This research aimed in creating new compression methods based on the central idea of Set Redundancy 
Compression (SRC). Set Redundancy refers to the common information that exists in a set of similar 
images. SRC compression methods take advantage of this common information and can achieve improved 
compression of similar images by reducing their Set Redundancy. The current research resulted in the 
development of three new lossless SRC compression methods: MARS (Median- Aided Region Sorting), 
MAZE (Max-Aided Zero Elimination) and MaxGBA (Max-Guided Bit Allocation). 


2. THE TEST IMAGES 

Different image types were considered for this research. The evaluation criteria included image 
availability, need for improved compression, maximization of end-user benefits, and fitness of images to 
the SRC scheme. After considering several modalities and image types and ru nn i n g preliminary tests, it 
was concluded to use chest X-rays, brain CT, and brain MR images. A test image database was created by 
retrieving 100 chest X-rays, 51 brain CT, and 57 brain MR images from M.D. Anderson’s image archives. 
This database was further expanded by adding smoothed versions of the brain CT images, and larger size 
versions of the chest X-ray images. 


3. IMAGE REGISTRATION 

Most of the SRC methods perform better when the images are registered in a standard position, orientation, 
and size. Note that we can maintain the lossless property of compression by performing “inverted” 
registration (i.e. instead of registering the original images on a given statistical image, we keep the original 
images intact and instead register the statistical image on each original image before compression). The 
statistical images that SRC methods use are the “median” image (in the MARS method) and the 
“maximum” image (in the MAZE and MaxGBA methods). The median image is formed by using for each 
pixel position the median value from the same pixel position across all given images. Similarly, the 
maximum image is formed by using the maximum value for each pixel across all images. In our tests we 
used registration for the MR and CT images, but not on the X-ray images. 


4. IMAGE CLUSTERING 

The SRC compression methods work with groups of highly similar images.

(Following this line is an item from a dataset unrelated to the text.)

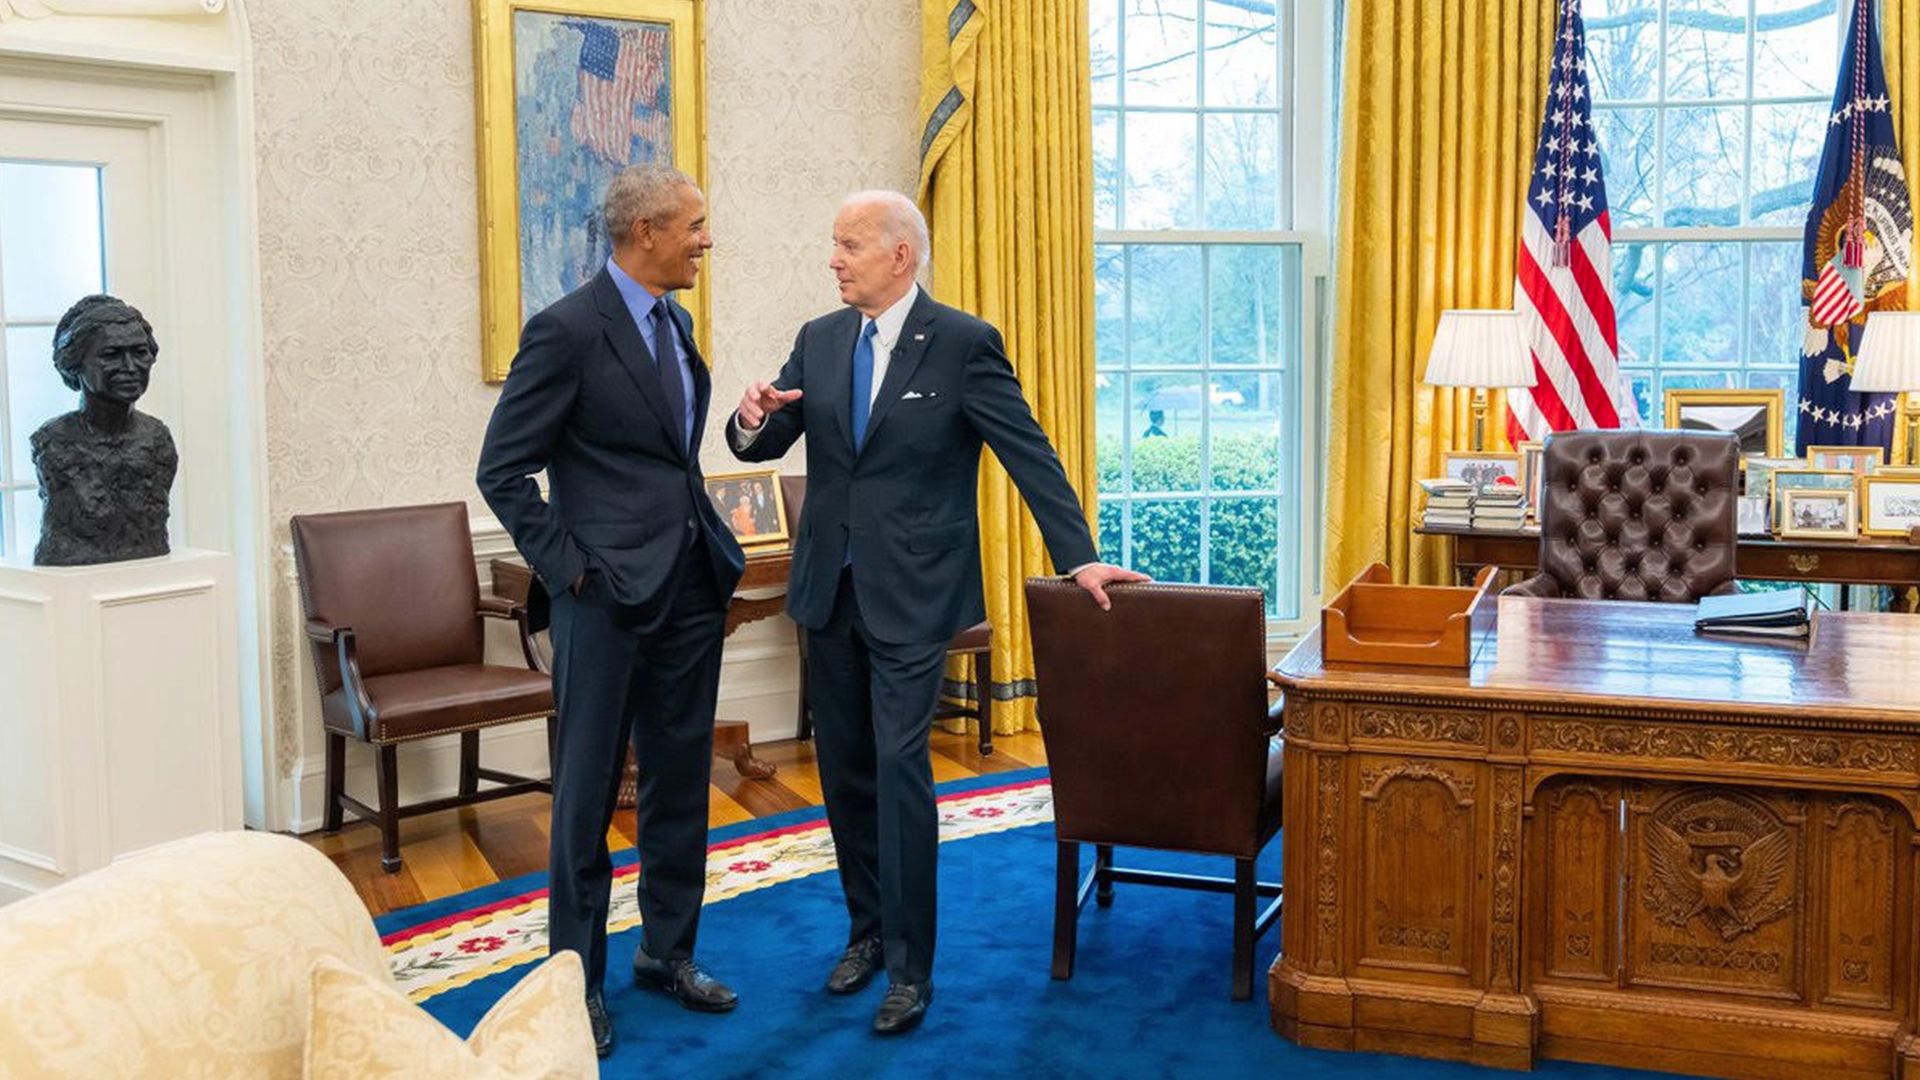 President Biden is seen standing next to former President Obama in the Oval Office as he returned to the White House for the first time since leaving office.
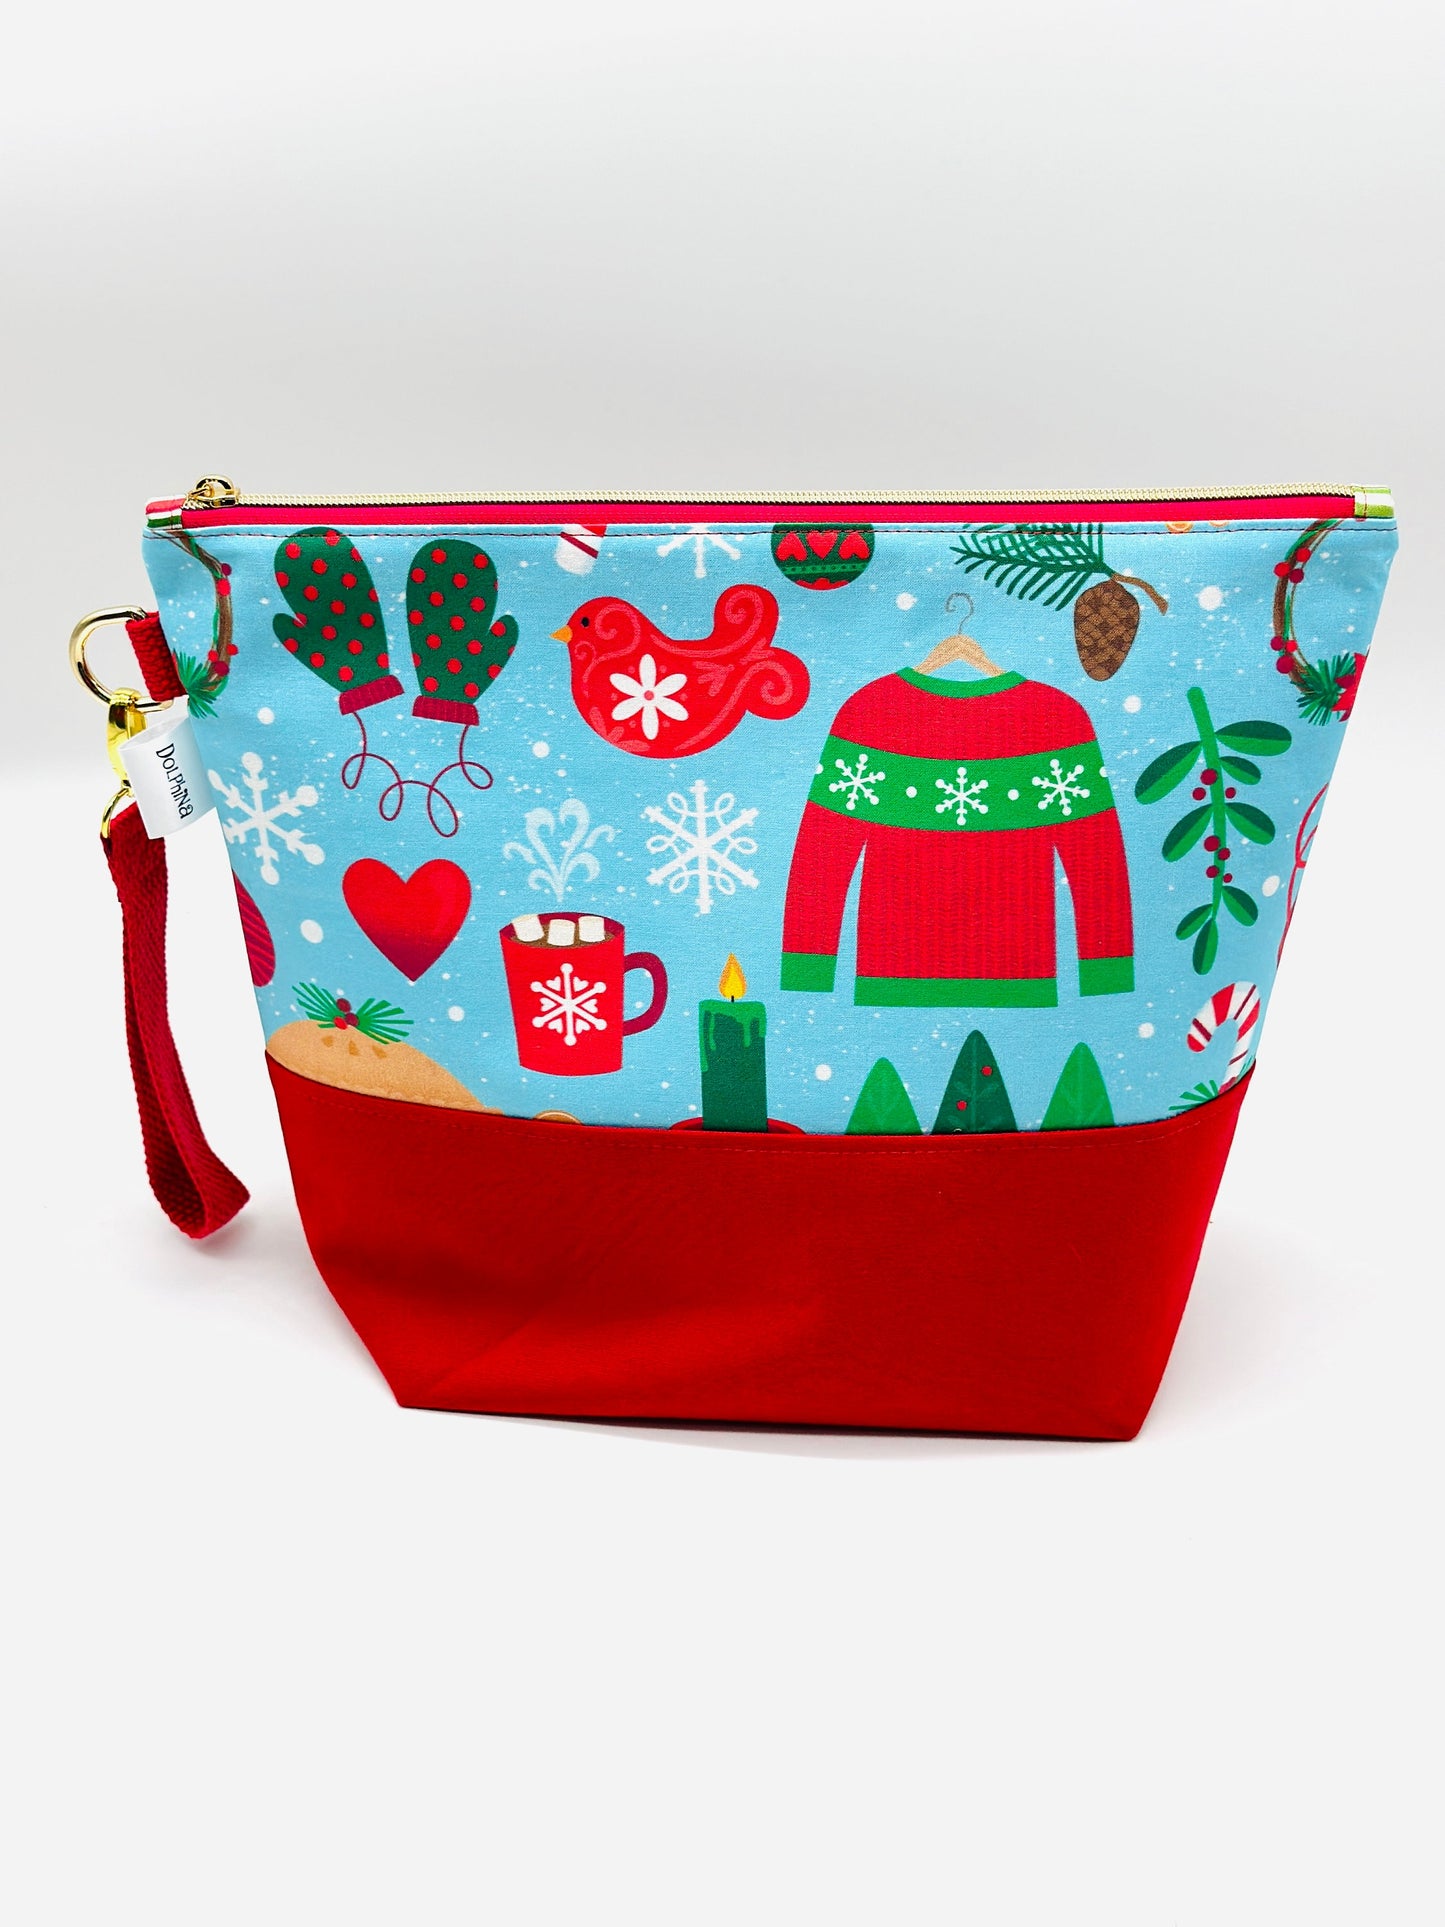 Extra large project bag -  Warm Winter wishes

In a given image database we 
need to form these groups before we apply any SRC method. Forming these similar image groups 
corresponds to the image clustering problem. We developed an automated process based on Genetic 
Algorithms to perform image clustering in our test image database. The resulting image groups were used 
for all subsequent tests. 


5. TESTS 

A total of 341 tests were run (1 1 image types x 3 1 methods). The different image types were CT, MR, X- 
rays, smoothed images, differential images, images with varying sizes, etc. For each image type, we run 
tests with 31 different methods that include all of our newly developed methods combined with either 
Lempel-Ziv (compress), LZW (gzip) or Arithmetic (bit-based, char-based, or word-based) as the entropy- 
encoder, and also standard methods used for comparison purposes (bit- char- and word-based Arithmetic 
compression, Lempel-Ziv, LZW, and Calic).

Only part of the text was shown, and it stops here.